TASK GOAL
The whole listing is to be restated word for word with no images.

DATA EXTRACT
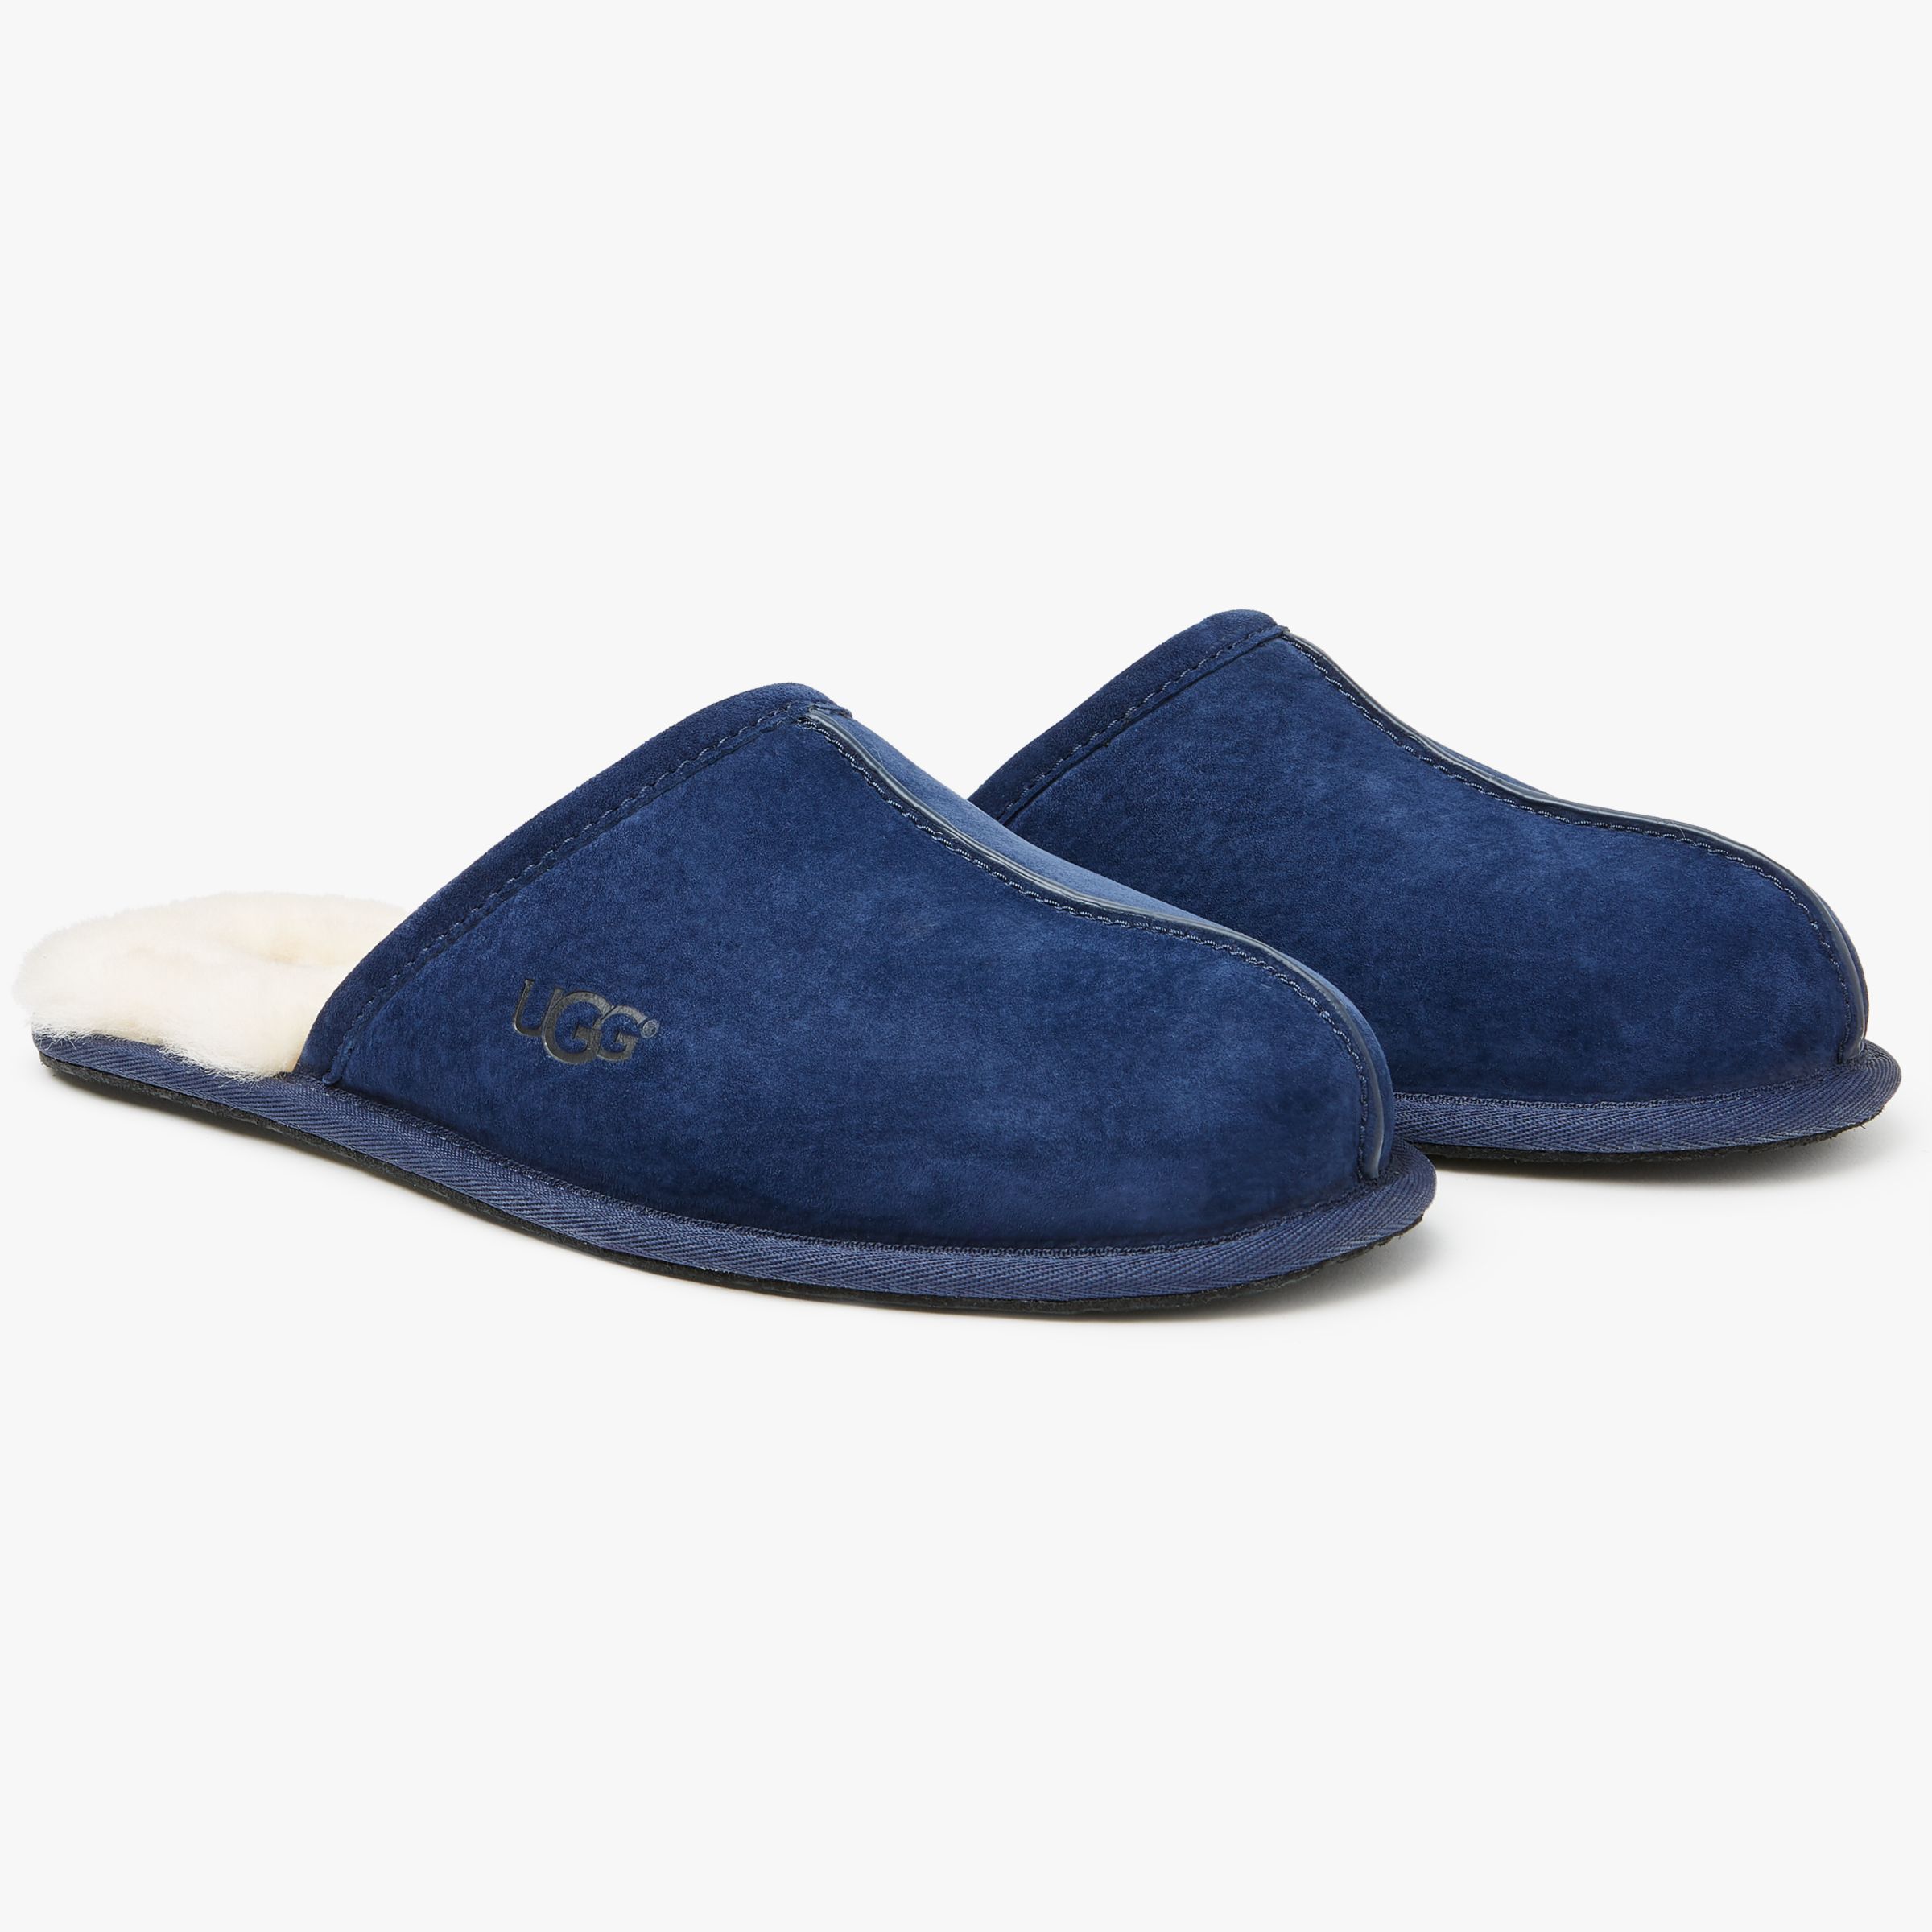 mens ugg slippers blue
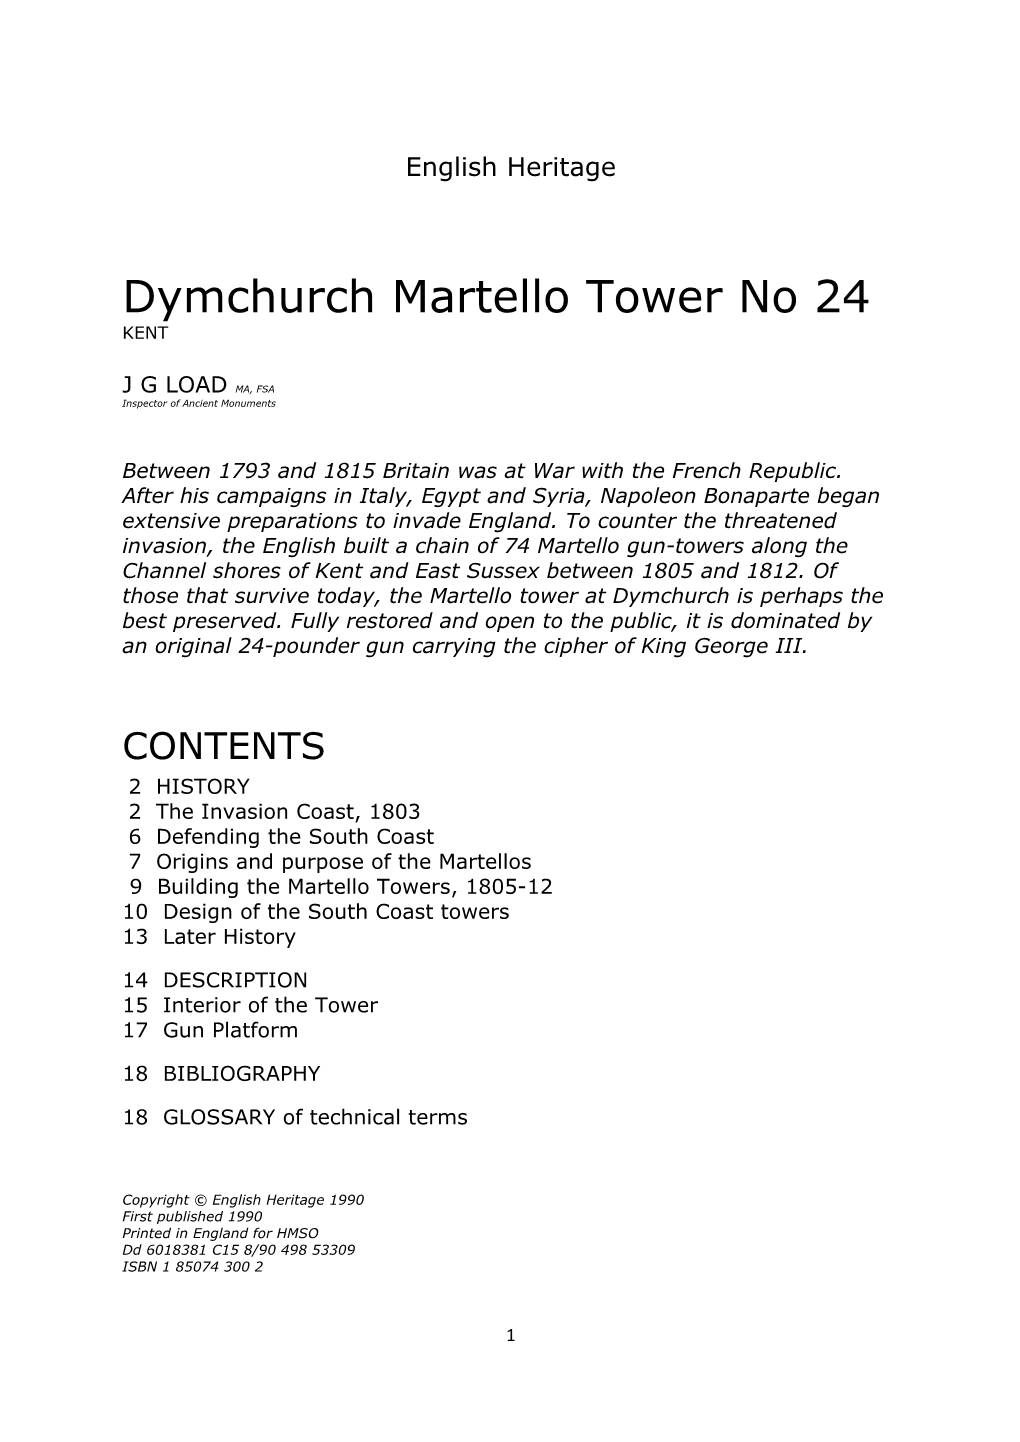 Dymchurch Martello Tower No 24 KENT
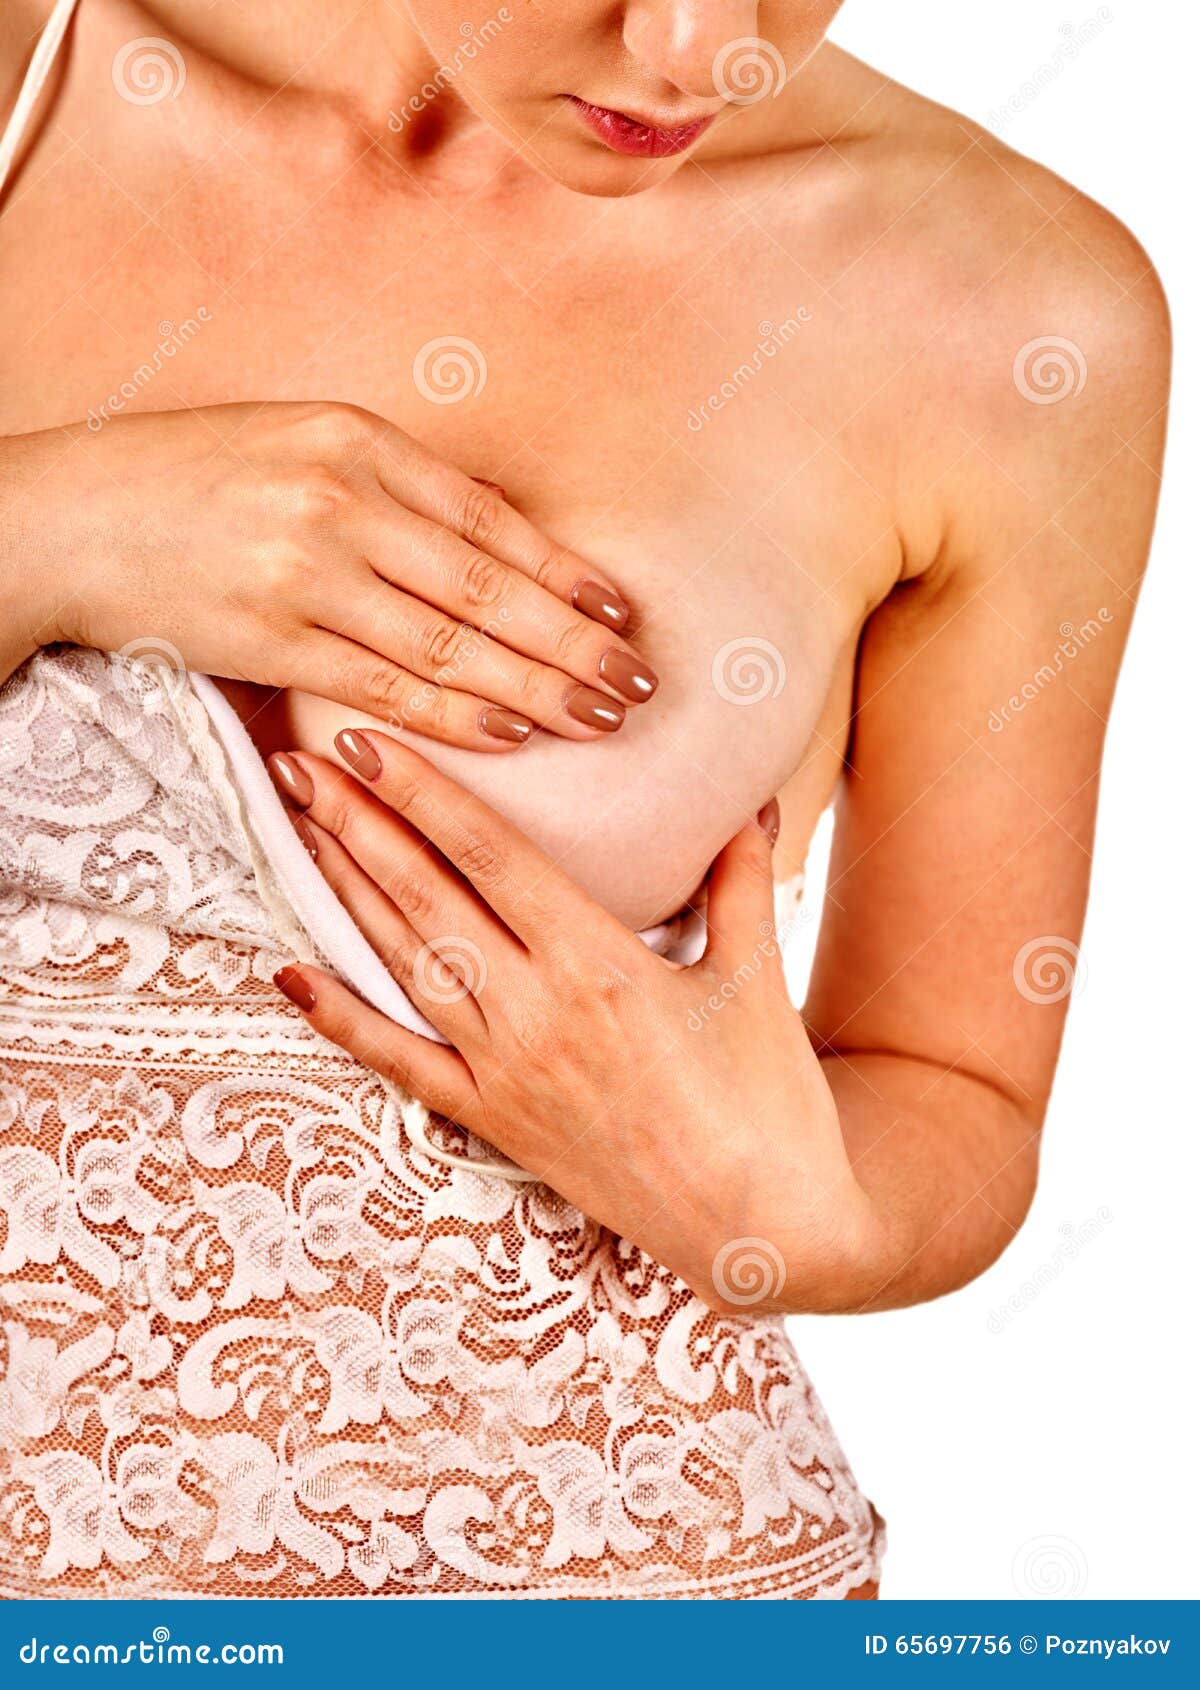 Beautiful Girl Touching Her Breasts

TASK OUTPUT
 mens ugg slippers blue
 Dymchurch Martello Tower No 24 KENT
 Beautiful Girl Touching Her Breasts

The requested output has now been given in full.